He practiced as an attorney, serving on the board of directors of the North Carolina Bar Association. He served as a lawyer in the JAG Corps. After serving, he returned to North Carolina where he started his political career.

He first ran for election to represent Randolph County in the North Carolina House of Representatives in 1960, but lost. He ran for the state House again, winning in 1970, and served for one term, during which he introduced the bill reducing the voting age to 18 in North Carolina, and also advocated for auto insurance reform. He won his post as Commissioner of Insurance in 1972.

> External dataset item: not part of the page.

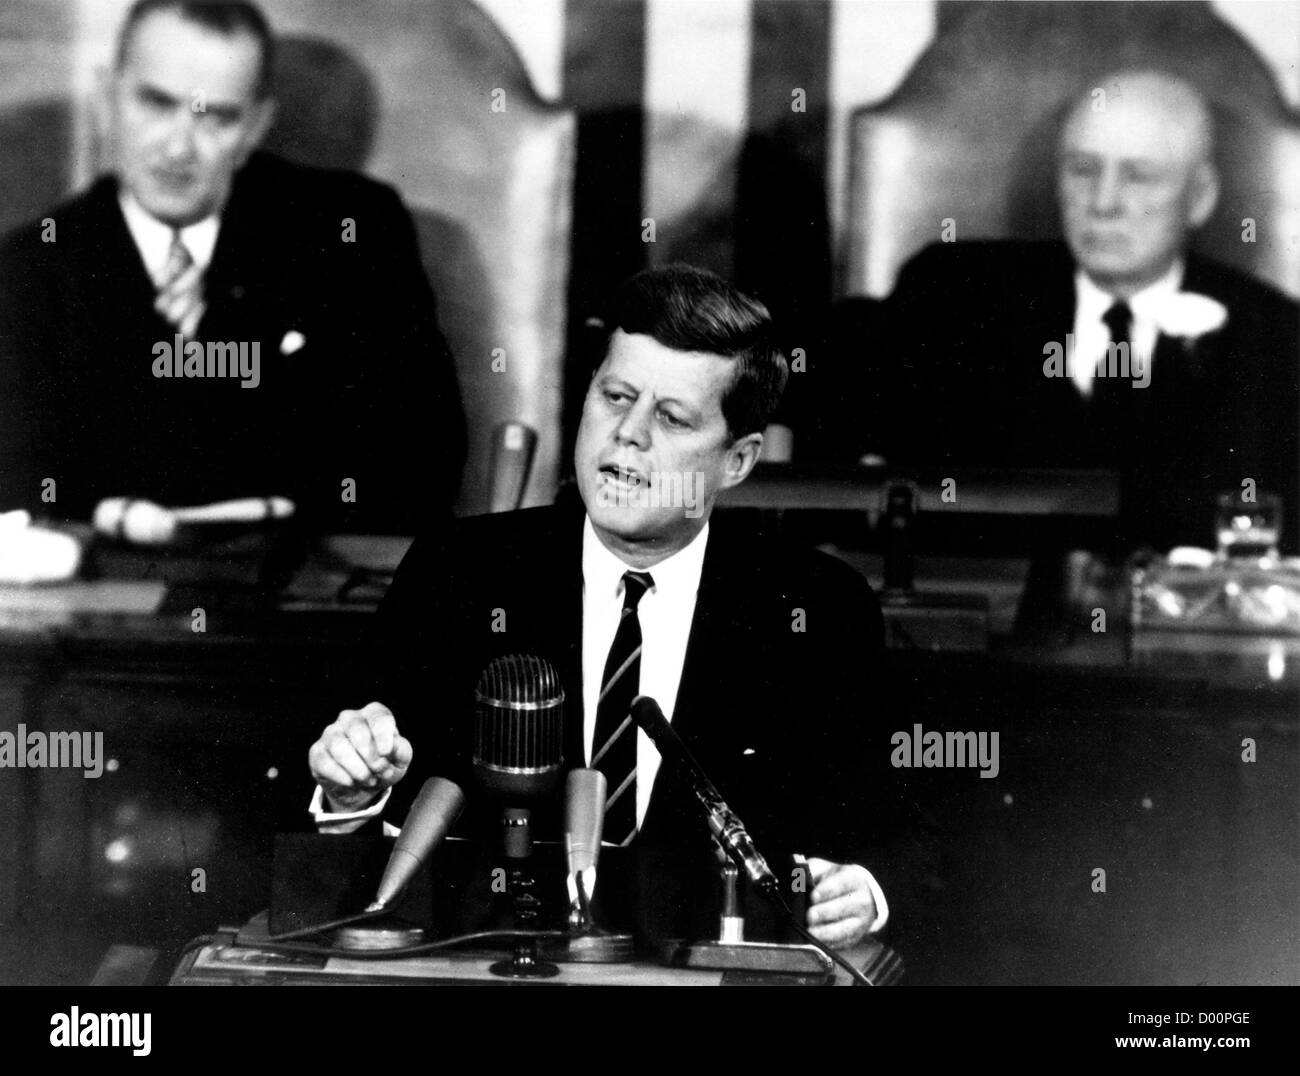 El Presidente John F. Kennedy dando discurso histórico Imagen De Stock

In that role, he was known as a populist and was an outspoken holder of the office. He won re-election in 1976 and 1980. He considered the abolition of assigned risk for young drivers to be the highlight of his career as Commissioner. Throughout his tenure, he consistently rejected insurance rate increases, although these were overturned by appellate courts in 32 of 33 cases. This brought him into conflict with the General Assembly, which, in 1977, stripped the Commissioner's office of its rate-capping powers.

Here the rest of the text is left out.